As time passed he grew used to the routines of the rest house. The long slow afternoons when he usually arrived, when the tablecloths had just been laid out on the grass to dry—it was something to see, if you passed by from the main road, with the purple and green batiks covering the slopes of the garden leading to the forest.
Then, in the late afternoons, preparations would begin for the meals.

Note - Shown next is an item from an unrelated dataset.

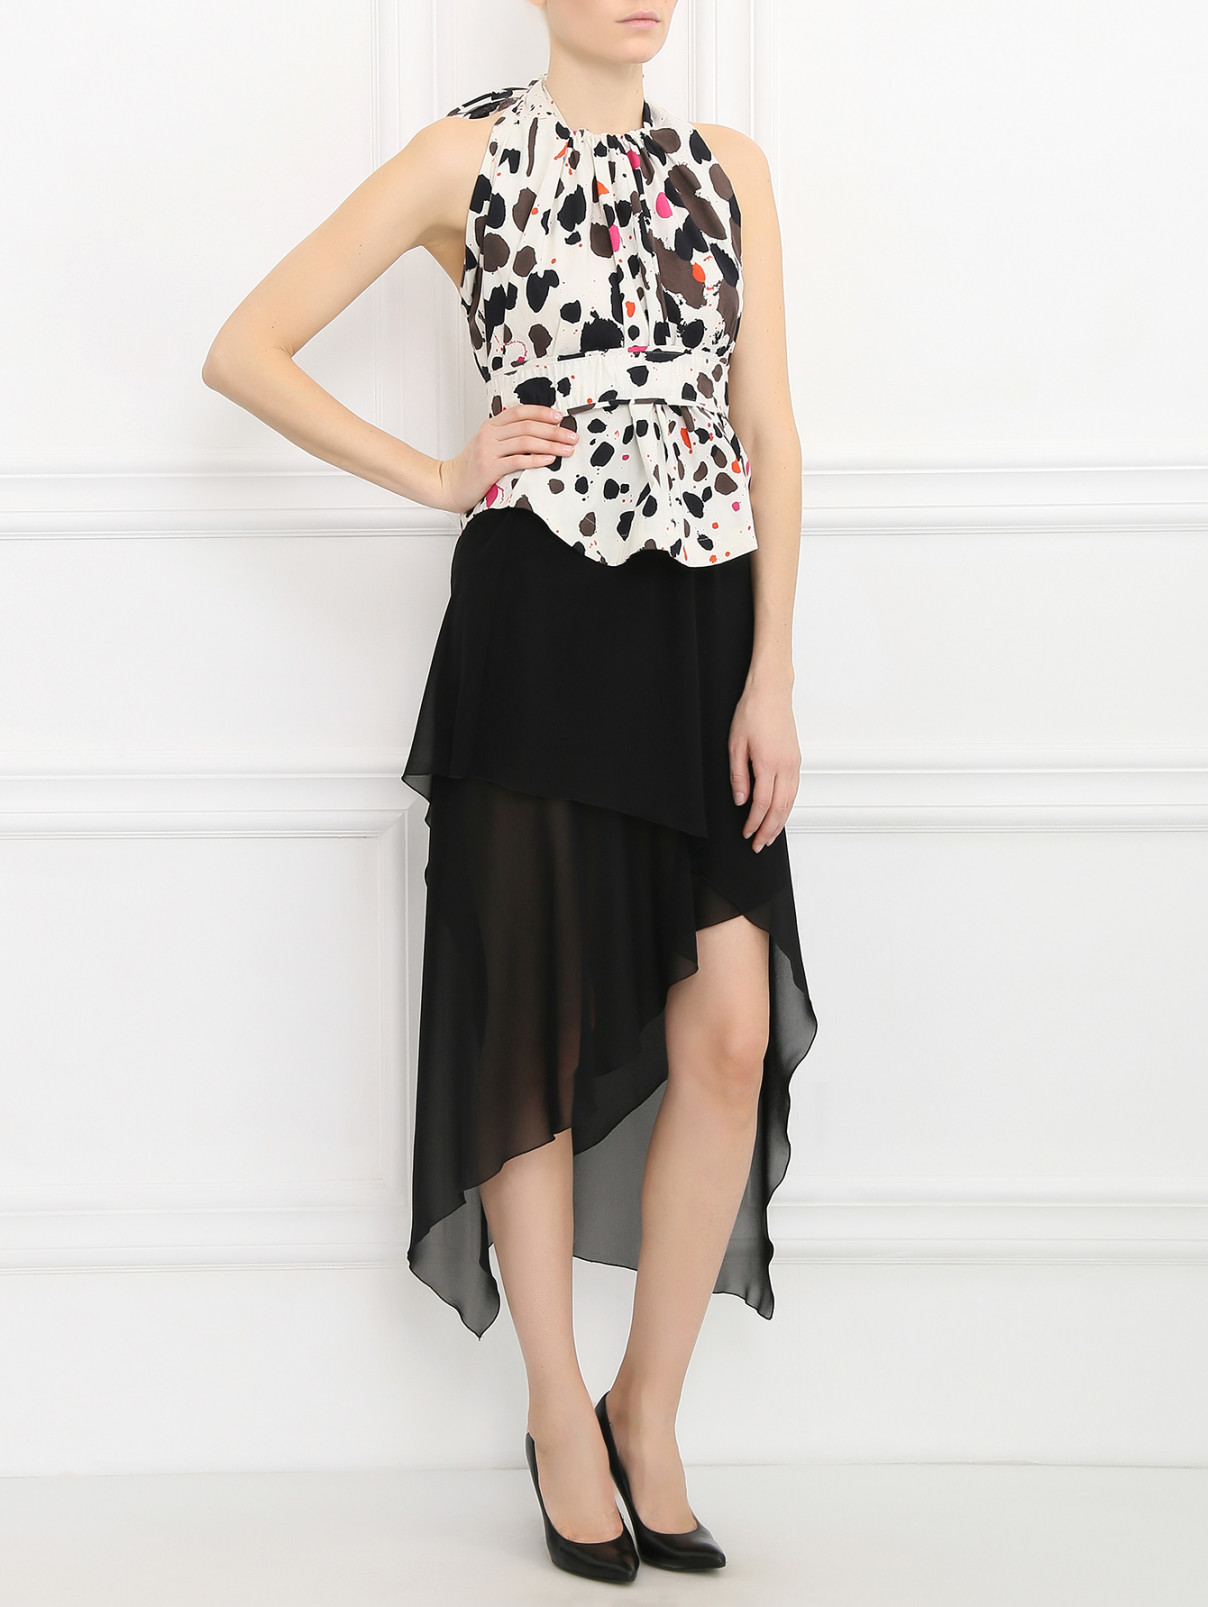 Асимметричная юбка на резинке Isola Marras  –  Модель Общий вид  – Цвет:  Черный

Ingredients would be delivered, and the chopping would start, the tables were laid, and the smells of the spices and the sound of pounding and frying, and the gossiping and laughter of the cooks would drift over the empty balcony.
Guests started coming at six p.m. Often there were tourists. They came in busloads, with their foreign currency and their taste for soft drinks and local beer, which Nana Oforiwaa overpriced scandalously and became relatively rich by.
But most of the clientele were from the towns around, in which there were many prominent people with interests, and retired teachers, and civil servants with pensions. Or else—especially on the weekends—from Accra: the pleasure seekers escaping the heat, who came to visit the garden, stay in the hotels, drink the palm wine, and see the waterfalls
and streams that were all around the region, and often would stay at the restaurant until after closing time, when Nana Oforiwaa had them pile up their dishes in the sinks out back as they left, leaving the rest for the lizards and birds.